Стихи, не вошедшие в книгу «ГОДОВАЯ СТРЕЛКА» **
«Уже хулили с оговоркой…»
Уже хулили с оговоркой,
уже хвалили во все горло,
но старость с тщательностью горькой
безоговорочно приперла.
Она суммарные оценки
с понятным ужасом отводит,
она нас припирает к стенке,
но разговоров — не разводит.
Она молчит. Стыдится, верно,
поднять глаза на нас, и все же
с ужасностью обыкновенной
она идет, как дрожь по коже.
«В утиль меня сдали. Копейки по́ две…»
В утиль меня сдали. Копейки по́ две
за килограмм. На полтора
рубля. Как сдали, сложили подле
всего утиля в глубине двора.
По две копейки, словно кости,
словно иконы — за килограмм.
А я ведь ходил когда-то в гости.
А я ведь любил когда-то сто грамм.
Ну что ж: я подвержен тому же закону,
которому — кости, а также иконы,
на что-нибудь, как и они, пригожусь
и этим, если скажут, горжусь.
И я не желаю качать права,
поскольку попал туда, куда хочется:
из малого круговорота — общества
в огромный круговорот — естества.
«Отбиваться лучше в одиночку…»
Отбиваться лучше в одиночку:
стану я к стене спиной,
погляжу, что сделают со мной,
справятся или не справятся?
Чувство локтя — это хорошо.
Чувство каменной стены, кирпичной —
это вам не хорошо — отлично.
А отличное — лучше хорошего.
Будут с гиком, с криком бить меня,
я же буду отбиваться — молча,
скаля желтые клыки по-волчьи,
сплевывая их по-людски.
Выпустят излишек крови — пусть.
Разобьют скулу и нос расквасят.
Пусть толкут, колотят и дубасят —
я свое возьму.
Хорошо загинуть без долгов,
без невыполненных обещаний
и без слишком затяжных прощаний
по-людски, по-человечески.
От отчаяния к надежде
я перехожу, но не прежде,
чем надежно удостоверюсь,
что надежда тоже ересь,
звук пустой, залп холостой —
пустоты в пустоте отстой.
Слишком много чувствуем.
Слишком
предаемся тоскливым мыслишкам,
пьем их мед, принимаем яд,
между тем как дела стоят.
А дела стоят, как столбы,
вкопанные посреди судьбы.
А дела стоят, как надолбы,
брошенные без всякой надобы.
А дела стоят, как опоры
недостроенного моста,
по которому очень не скоро,
никогда не пойдут поезда.
«Учтя подручный матерьял…»
Учтя подручный матерьял,
свой неглубокий опыт,
систем я создавать не стал,
а стал глазами хлопать.
Не стал я на манер газет
всему давать оценки,
стал безответственно глазеть
то случаи, то сценки.
Не стал я создавать систем,
пишу лишь то, что вижу,
и с чем я был, остался с тем,
не поднялся я выше.
«Мои друзья не верили в меня…»
Мои друзья не верили в меня.
Мне — верили.
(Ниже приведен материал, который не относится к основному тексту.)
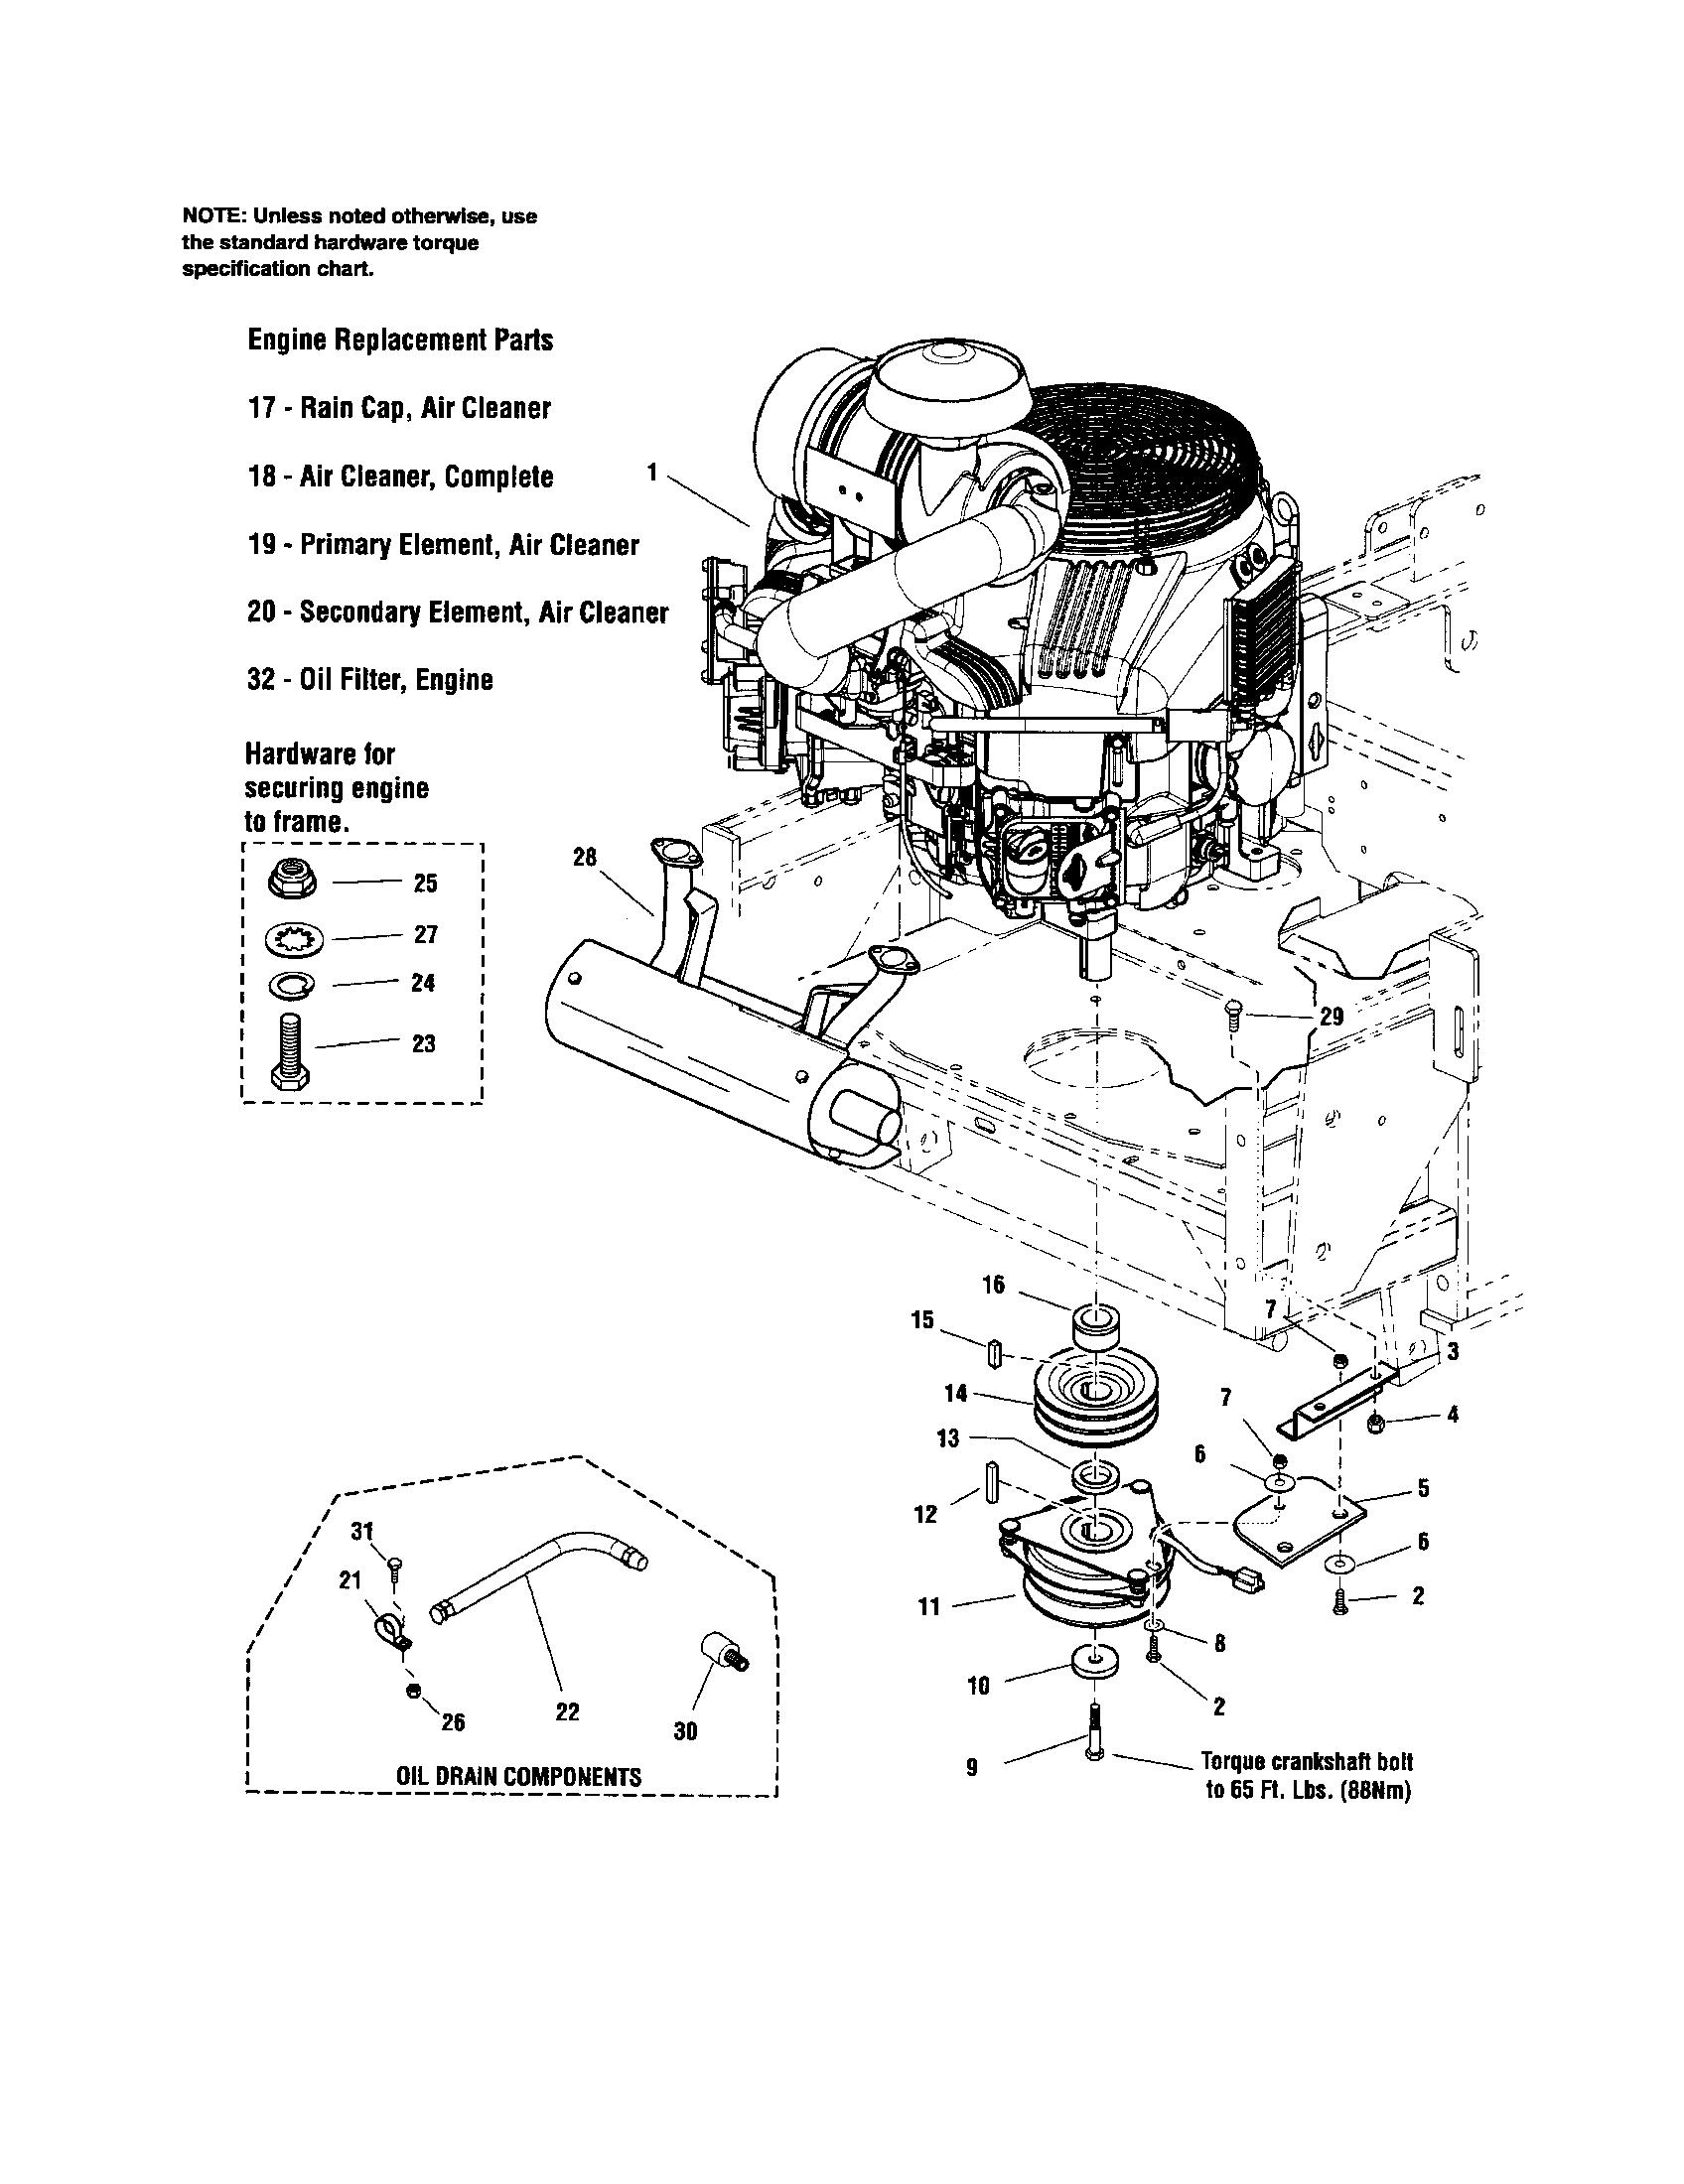 Snapper zero turn riding mower engine pto 32 hp briggs stratton parts

В меня — нисколько.
Не находили внешнего огня,
восторга, обаяния, наскока.
Я ничего у них не взял вперед,
я взял свое, как лампа ток берет,—
с немедленной и точною расплатой
по счетчику, а я за ним следил,
чтоб и рублевки не недоплатил
с любой затеи, точной и крылатой.
С меня хватало и того, что вдруг
моей строкою сердце задевало,
и радовался искренне, бывало,
нечаянно, но от души мой друг.
А я молчал и не напоминал,
какие мне советовались службы
во имя логики, во имя дружбы.
Меня вполне устраивал финал.
«Прорывая ткань покрова…»
Прорывая ткань покрова
ритма, рифмы, мастерства,
вдруг просвечивает Слово
через темные слова.
Рыба прорывает сети,
прорываясь до реки,
потому что рифмы эти,
как и ритмы, — пустяки.
Потому что это вам
не игра в бирюльки:
жизнь свою отдать словам,
выдать на поруки.
Сдерживаю недовольно
сдержанное недовольство,
чтобы вдоволь задержалось
и не выдало себя.
Но испытываю жалость
и жалею сам себя.
От поносного концерта
день-деньской в ушах знобит,
и проценты на проценты
нарастают у обид,
неотмщенных оскорблений,
запоздалых сожалений,
брошенных через плечо
тихих криков
и еще
взоров,
полных ярой злобы,
перехваченных в упор,
потому что смотрят в оба
с давних пор и до сих пор.
Я терпел, терпел, терпел.
Я под вашу дудку пел.
Но терпенье износилось,
прохудилось, как сукно.
Я его пустил на силос,
сдал в утиль давным-давно.
Не пою под вашу дудку,
не пою и не пляшу.
Превращаю пытку в шутку
и веселый стих пишу.
Ложные классики
ложками поутру
жрут подлинную, неподдельную, истинную икру,
но почему-то торопятся,
словно за ними гонится
подлинная, неподдельная, истинная конница.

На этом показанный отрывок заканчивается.